When we coerce our children, we are in effect saying that we are right and they are wrong. It is as if we parents think we have the final truth. As if we have forgotten that we are fallible so might well be horribly mistaken even when it feels as if the thoughts in our mind are the revealed truth.

What example are we giving our children when we coerce them? In effect, we are teaching them that it is legitimate to get your way by coercing others. Is that really what we want to be conveying to our children? Might does not make right.

Coercion impedes the growth of knowledge. The moulding and shaping to which well-meaning parents subject their children does not just impede their children’s learning in the moment, it also tends to interfere with the children’s on-going capacity to correct errors. It hobbles their ability even to identify errors. It pushes for stasis, everything staying the same, doing the same to your own children as your parents did to you, then your children doing the same to their children as you did to them, and so on down through the generations. No improvement. Coercion hobbles progress. Progress of the entire world.

For how many more generations are we going to keep blighting our children’s lives and the future of the world by passing down all this hobbling coercion?

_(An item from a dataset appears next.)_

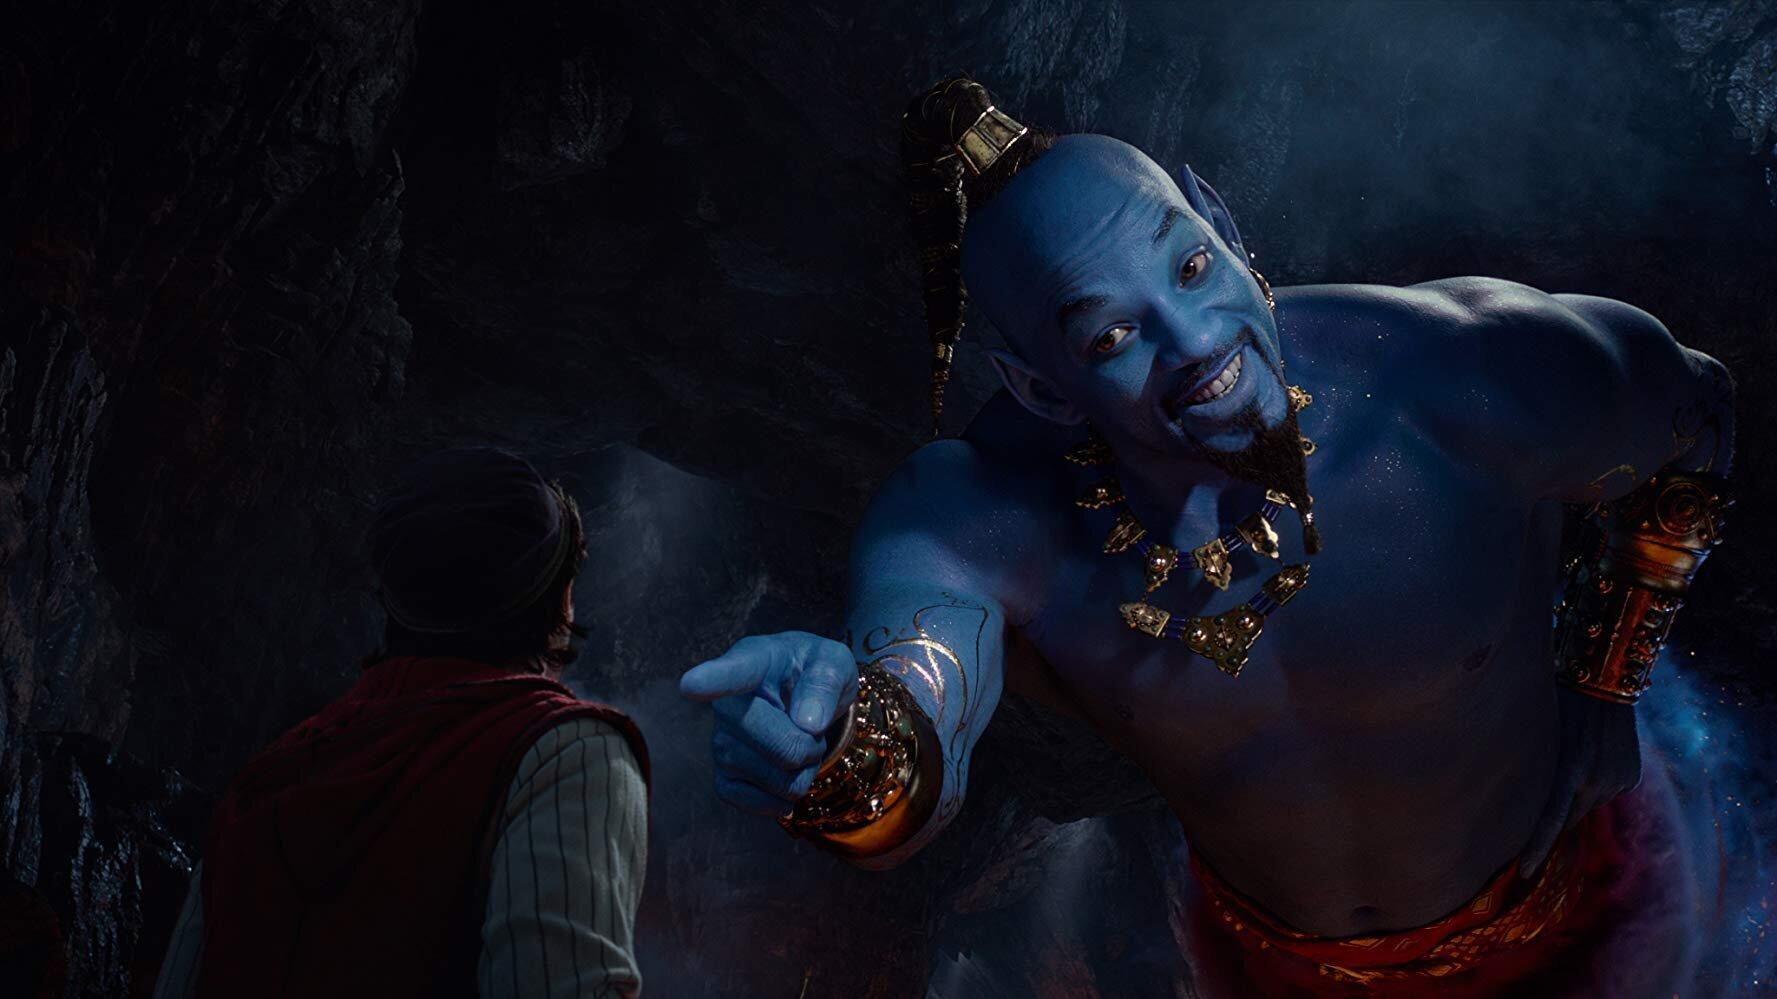 Live-action de Aladdin vai dar um abraço quentinho no coração dos fãs do

Problems are soluble!1 And we can solve them! Not perfectly, not infallibly: we are human beings not omniscient infallible gods! Yet despite our lack of knowledge, we human beings have made progress in the world. We have corrected many errors. How many more we could correct were we not systematically interfering with the growth of knowledge by coercing and hobbling our children? Incidentally, isn’t it wonderful that we human beings are so acutely aware of so many errors needing to be corrected? Another reason to celebrate humanity! Noticing errors helps us correct them! From each new and (we hope) better problem situation, we see new problems to solve, new errors to correct. Enjoy each new vista! Have fun! Play! Live! Love!

(Sarah Fitz-Claridge)

Taking ourselves seriously

“One of the special benefits of being a parent is that our children often show us the no-go areas of our own thinking—the fixed ideas hitherto impervious to reason. Our children have had fewer years in which to entrench their biases, so they are often more genuinely reasonable than we are with all our entrenched not-open-to-question ideas. They can thus help us to see what we may have been unable to see before. And when we see, we have improved our thinking, which improves our own life too, as all improvements do. The more we see, the more seriously we are thereby taking ourselves.”

– Cody Baldwin

“We do not see our children grow up, and change, and grow old, but they do. Thus there are no solid bodies. Things are not really things, they are processes, they are in flux.”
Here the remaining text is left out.